The jump point neared, and our convoluted path smoothed, the various evasion patterns cancelling each other out for several seconds. The entire swarm lunged, fire licking out from its leading edges. Given an apparently static target, the Marapis raced forward, trying to get to ranges where they could hamstring us for their larger kin.
A moment before the swarm of fire converged on our position, we pivoted into our dance once more. A moment later, Echidna grabbed a wormhole from the quantum foam, warped the space around us, and tossed us through. Voices tore at me, and the full weight and power of Echidna fell into my hands as her conscious mind fell to the endless onslaught of echoes in pocket space. Projectors wound down, absorbers shunted energy to waiting capacitors, and deflectors radiated the leftovers into space.

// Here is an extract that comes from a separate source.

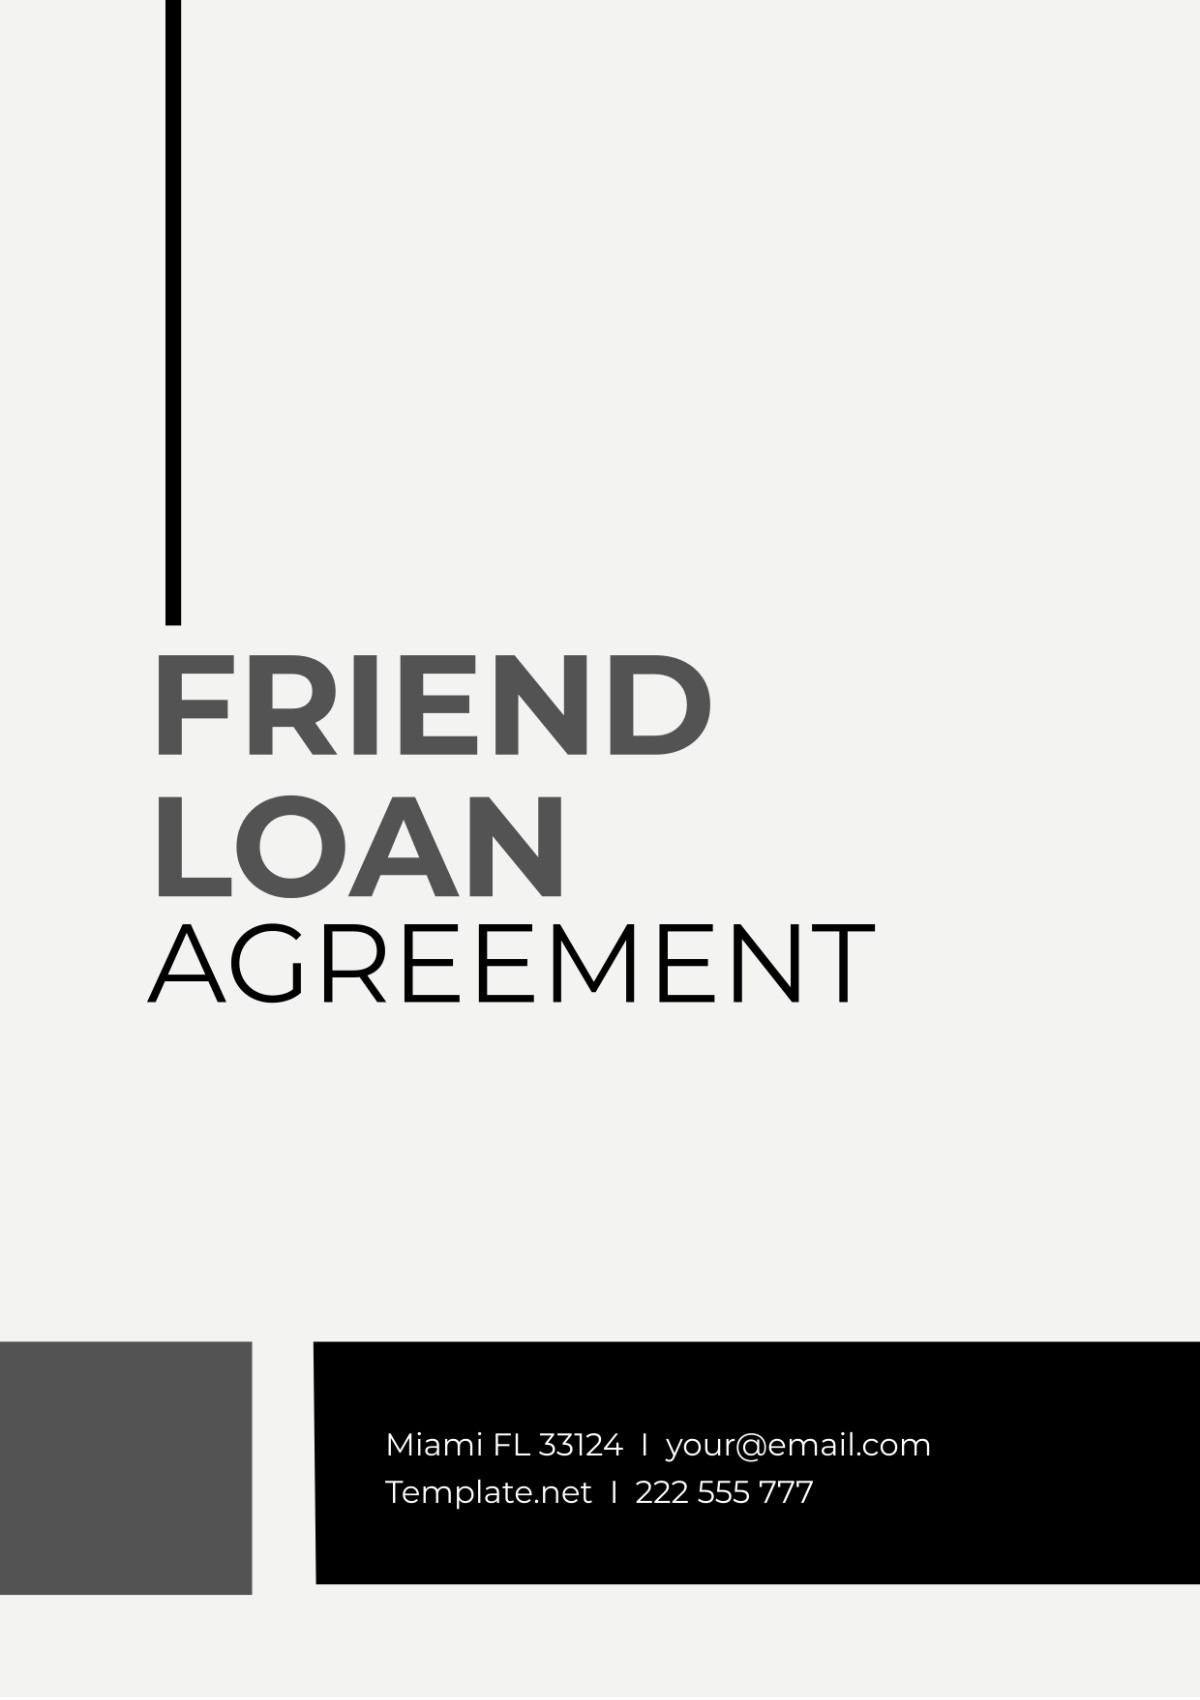 Friend Loan Agreement Template

Molten rock pattered off my hull, bits of asteroid melted by my waste heat. I instinctively brushed the first few away with my deflectors. After a moment to think I used my projectors to scoop them together in a giant, glowing ball of magma. I gathered up a few more big rocks, chunks nearly the size of Echidna herself, and then the first Scouts arrived.
In the crucial first few seconds after arrival, while their carapaces leaked energy and their vision still sparkled with the aftereffects of pocket space, I struck. Sifting through the molten rock surrounding me, I plucked out the ferrous metals and dropped the rest on a vector toward the juvenile Scouts and Marapis, the ones who had jumped in pursuit without hesitation when I ran. I enveloped the closest in blankets of glowing magma, catching those further away with razor wire streams shot through tiny, low powered wormholes. The young 'Sects carapaces, not yet hardened by decades of exposure to vacuum, already heated to the brink of combustion from the rigors of pocket space, burned. They burned fast, they burned hard, leaving nothing to protect them from my following attacks. The asteroids were little more than thrown rocks, but rocks thrown at a significant portion of the speed of light did catastrophic damage to the now unarmored 'Sects.
The moment a single Marapi's shielding flickered into existence, just as Echidna stirred from her pocket induced slumber and my First pinged me with an urgent message, I micro-jumped further into the system.